Sunan Giri sebagai ketua
persidangan, setelah mendengar penjelasan dari berbagai pihak dan bermusyawarah
dengan para Wali, memutuskan bahwa ajaran Syekh Siti Jenar itu sesat. Ajarannya
bisa merusak moral masyarakat yang baru saja mengenal Islam. Karenanya Syekh
Siti Jenar dijatuhi hukuman mati.
Syekh Siti Jenar masih
diberi kesempatan selama setahun untuk memperbaiki kesalahannya sekaligus
menanti berdirinya Negara Demak secara formal, karena yang berhak menentukan
hukuman adalah pihak negara (Widji saksono, 1995: 61). Kalau sampai waktu yang
ditentukan ia tidak mengubah pendiriannya, maka hukuman tersebut akan
dilaksanakan.
Sejak saat itu, pesantren
Syekh Siti Jenar ditutup dan murid-muridnya pun bubar, menyembunyikan diri dan
sebagian masih mengajarkan ajaran wahdatul wujud meskipun secara
sembunyi-sembunyi. Setelah satu tahun berlalu, Syekh Siti Jenar ternyata tidak
berbubah pendiriannya. Maka dengan terpaksa Sunan Gunung Jati melaksanakan
eksekusi yang telah disepakati dulu. Jenazah Syekh Siti Jenar dimakamkan di
lingkungan keraton agar orang-orang tidak memujinya.
Versi
Ke-4
Syekh Siti Jenar wafat
karena vonis hukuman mati yang dijatuhi Sunan Giri sendiri. Peristiwa kematian
Syekh Siti Jenar versi ini sebagaimana yang dikisahkan dalam Babad Demak.

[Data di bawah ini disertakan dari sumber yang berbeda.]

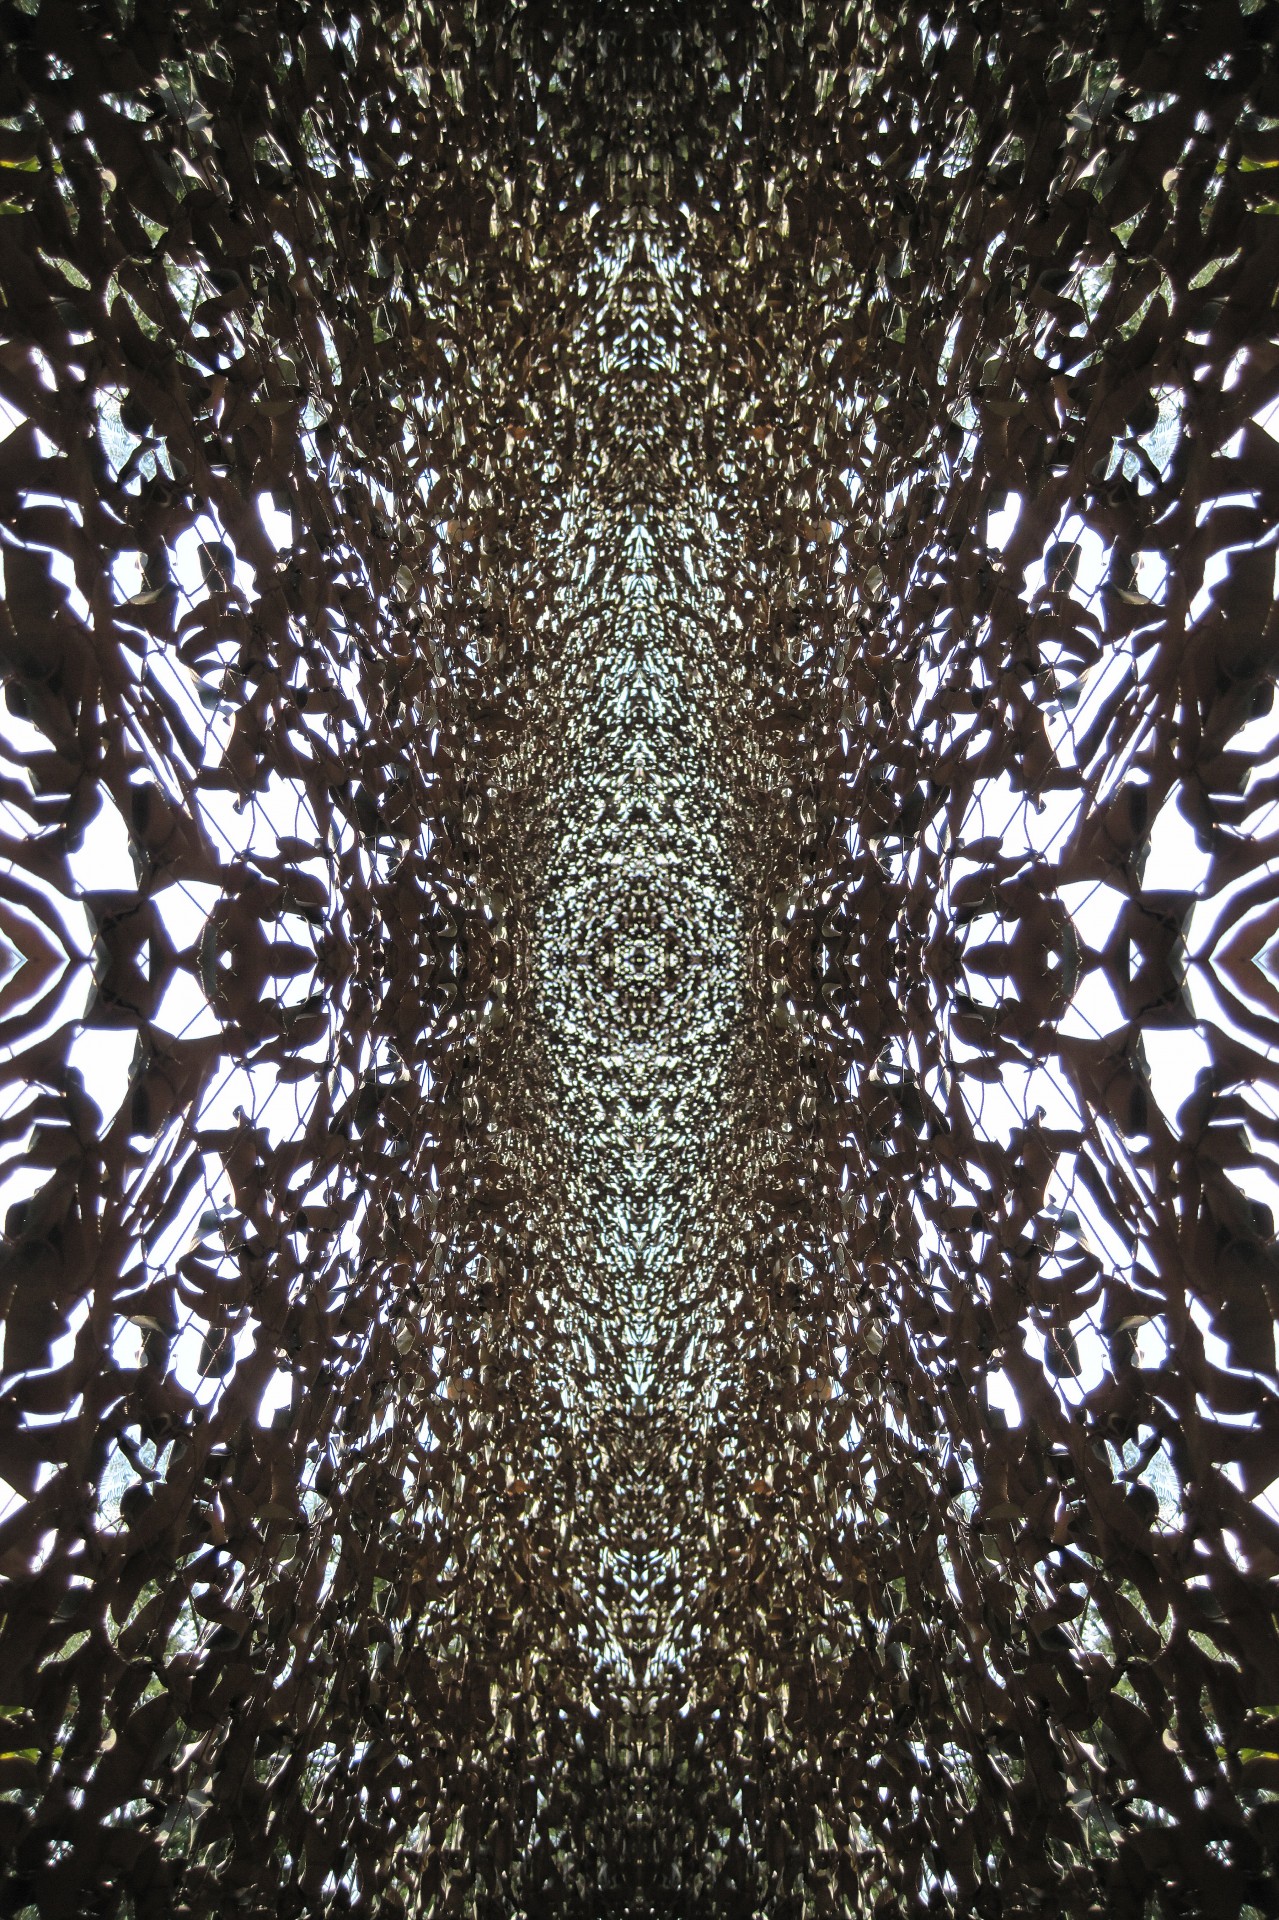 netting camouflage pattern free photo
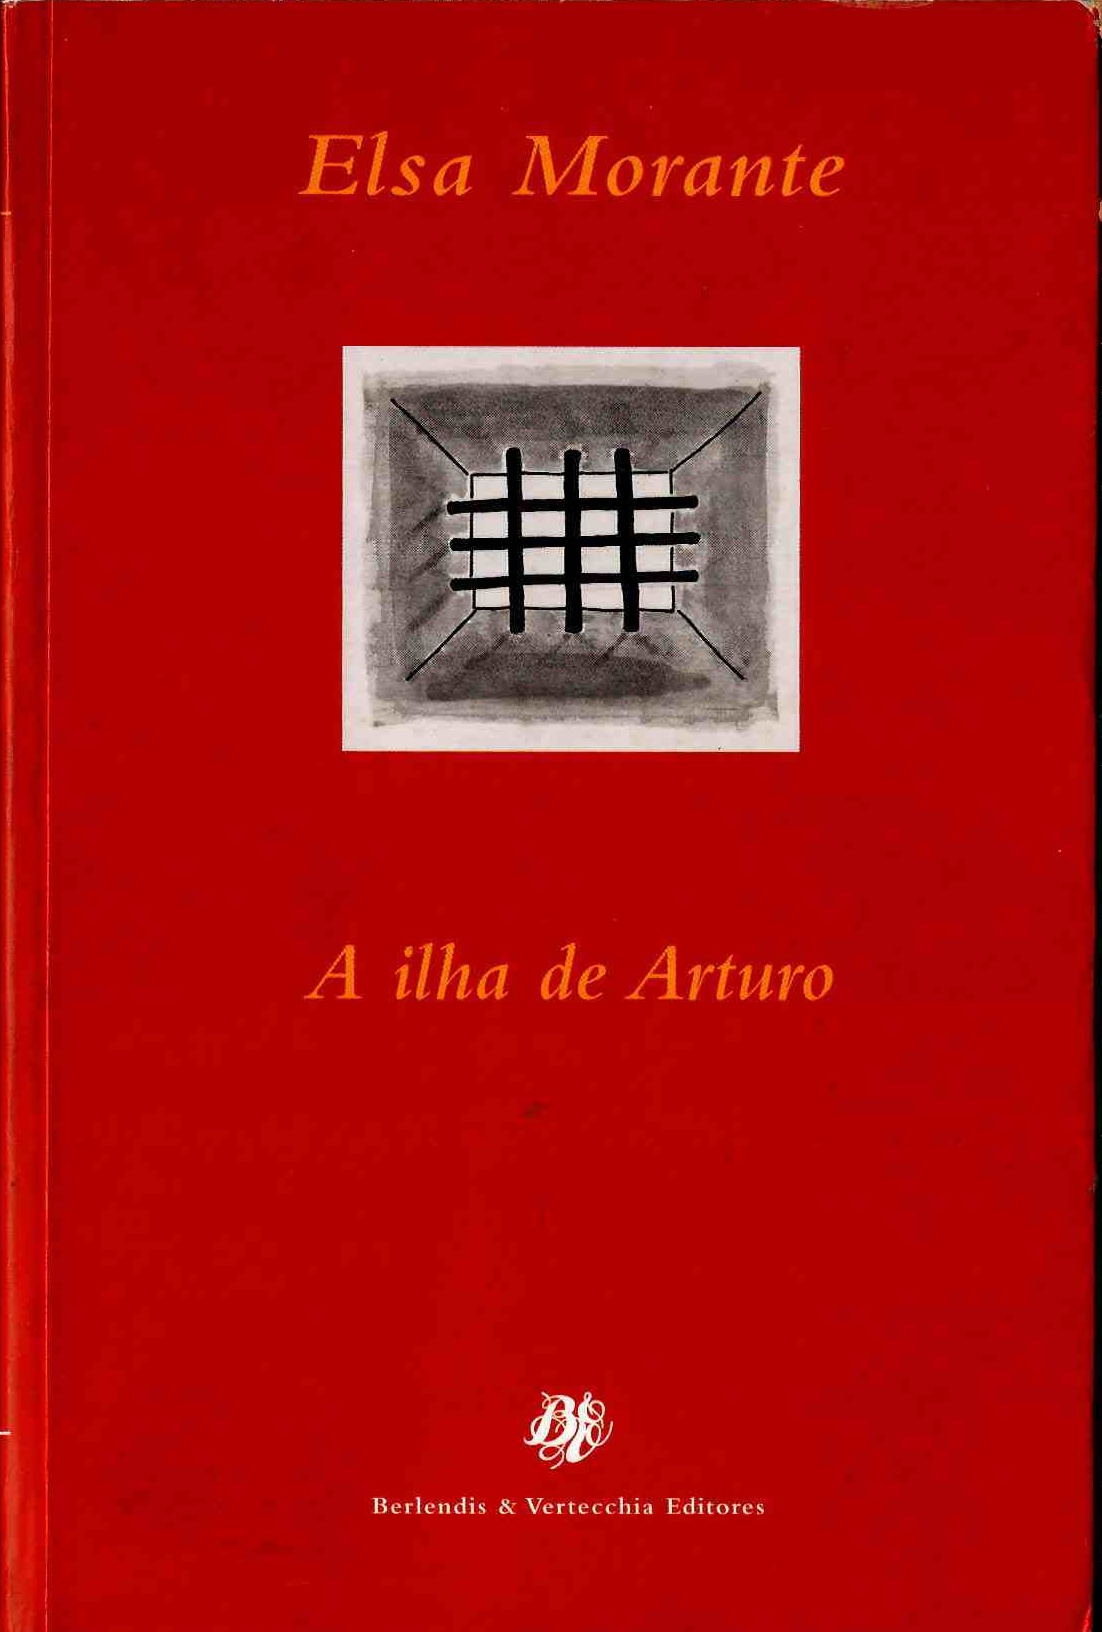 https://www.literaturabrasileira.ufsc.br/_images/obras/a_ilha_de_arturo_2003_(1)_ok.jpg

Menurut babad ini Syekh Siti Jenar meninggal bukan karena kemauannya sendiri,
dengan kesaktiannya dia dapat menemui ajalnya, tetapi dia dibunuh oleh Sunan
Giri. Keris ditusukkan hingga tembus ke punggung dan mengucurkan darah berwarna
kuning. Setelah mengetahui bahwa suaminya dibunuh, istri Syekh Siti Jenar
menuntut bela kematian itu kepada Sunan Giri. Sunan Giri menghiburnya dengan
mengatakan bahwa dia bukan yang membunuh Syekh Siti Jenar tetapi dia mati atas
kemauannya sendiri. Diberitahukan juga bahwa suaminya kini berada di dalam
surga. Sunan Giri meminta dia melihat ke atas dan di sana dia melihat suaminya
berada di surga dikelilingi bidadari yang agung, duduk di singgasana yang
berkilauan (Sofwan, 2000: 218).
Kematian Syekh Siti Jenar
dalam versi ini juga dikemukakan dalam Babad Tanah Jawa yang disandur
oleh S. Santoso, dengan versi yang sedikit memiliki perbedaan. Dalam babad ini
disebutkan Syekh Siti Jenar terbang ke surga, tetapi badannya kembali ke
masjid. Para ulama takjub karena dia dapat terbang ke surga, namun kemudian
marah karena badannya kembali ke masjid. Melihat hal yang demikian, Sunan Giri
kemudian mengatakan bahwa tubuhnya harum ditikam dengan sebuah pedang, kemudian
dibakar. Syekh Maulana kemudian mengambil pedang dan menikamkannya ke tubuh
Syekh Siti Jenar, tetapi tidak mempan. Syekh Maulana bertambah marah dan
menuduh Syekh Siti Jenar berbohong atas pernyataannya yang menegaskan bahwa dia
rela mati.
Syekh Siti Jenar menerima
banyak tikaman dari Syekh Maulana, tetapi dia terus berdiri. Syekh Maulana kian
gusar dan berkata, “Itu luka orang jahat, terluka tapi tidak berdarah”.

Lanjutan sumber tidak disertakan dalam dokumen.